▶ Given data
----------------------------------------

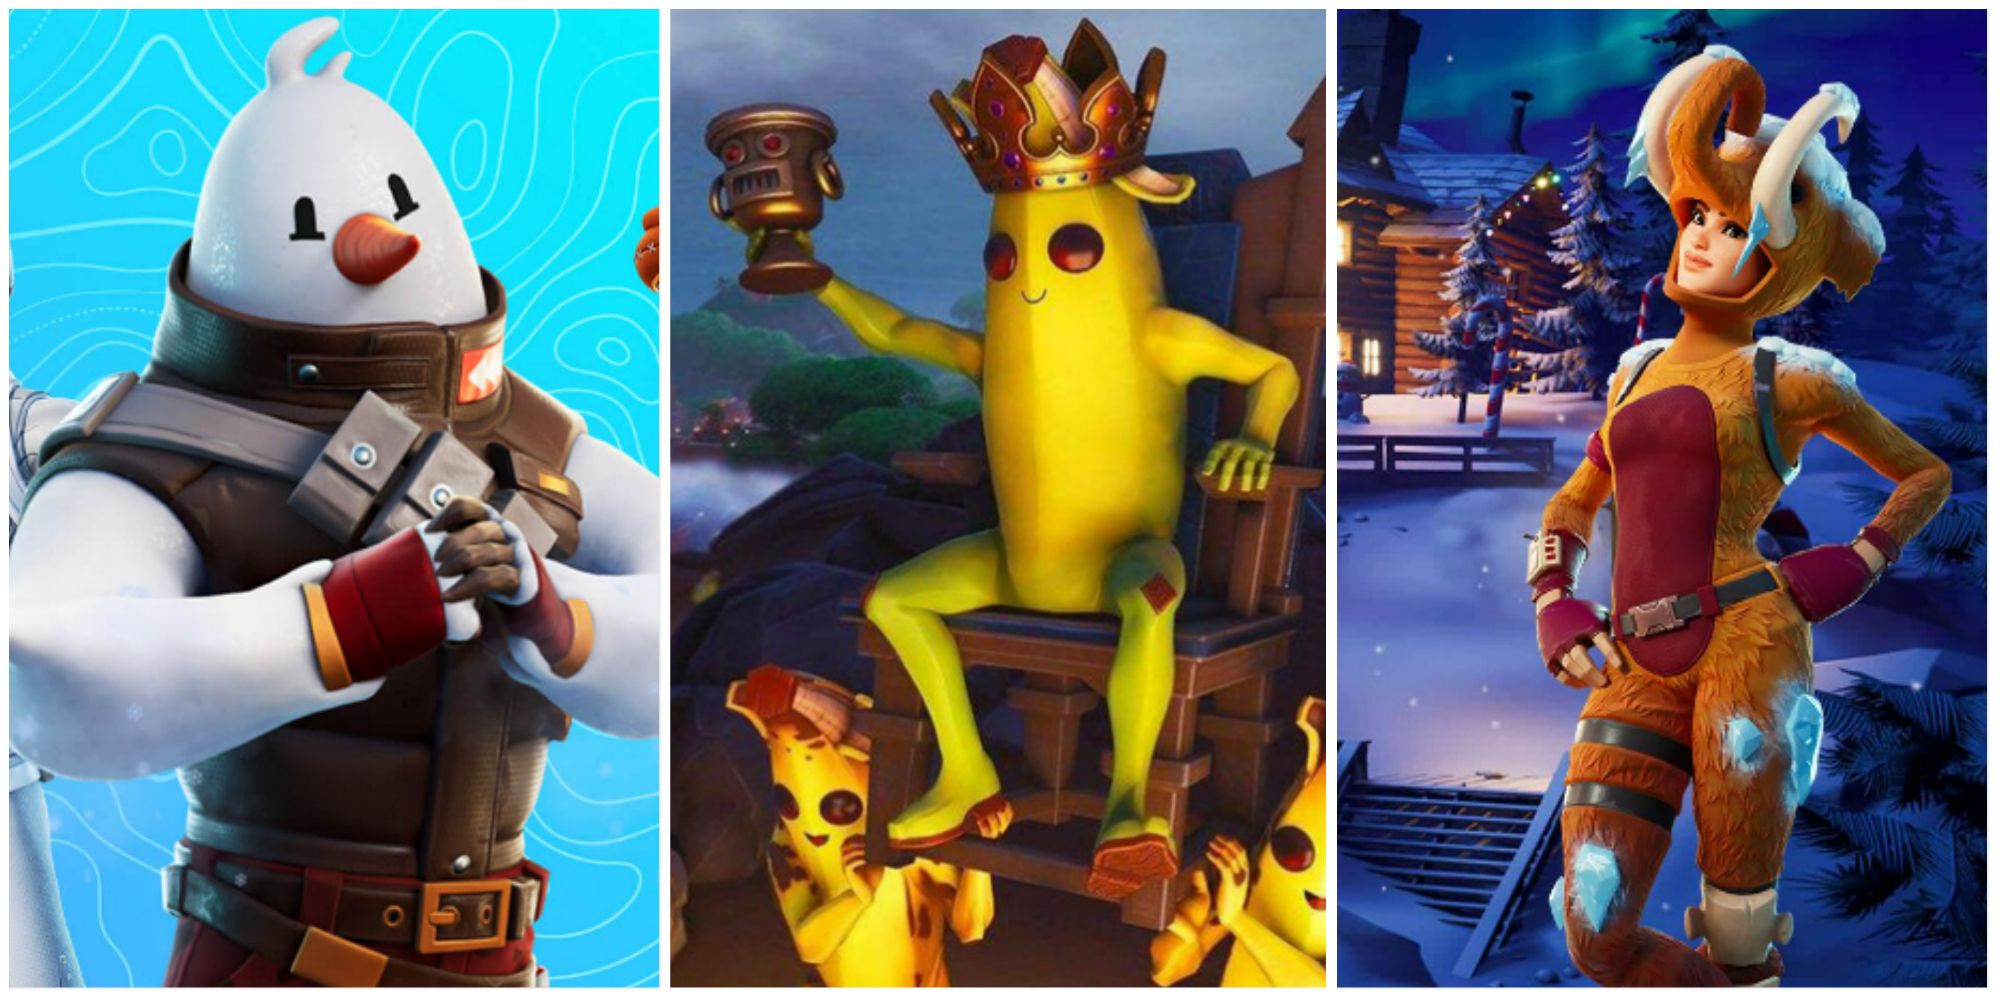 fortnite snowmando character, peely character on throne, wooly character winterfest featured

----------------------------------------

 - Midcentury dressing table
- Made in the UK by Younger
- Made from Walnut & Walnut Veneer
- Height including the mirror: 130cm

----------------------------------------

▶ Try it
The range runs from the line with "- Made in the UK by Younger" up to and including the line with "- Height including the mirror: 130cm" in the listing above; please write out exactly those lines and nothing more.

▶ Solved exercise
- Made in the UK by Younger
- Made from Walnut & Walnut Veneer
- Height including the mirror: 130cm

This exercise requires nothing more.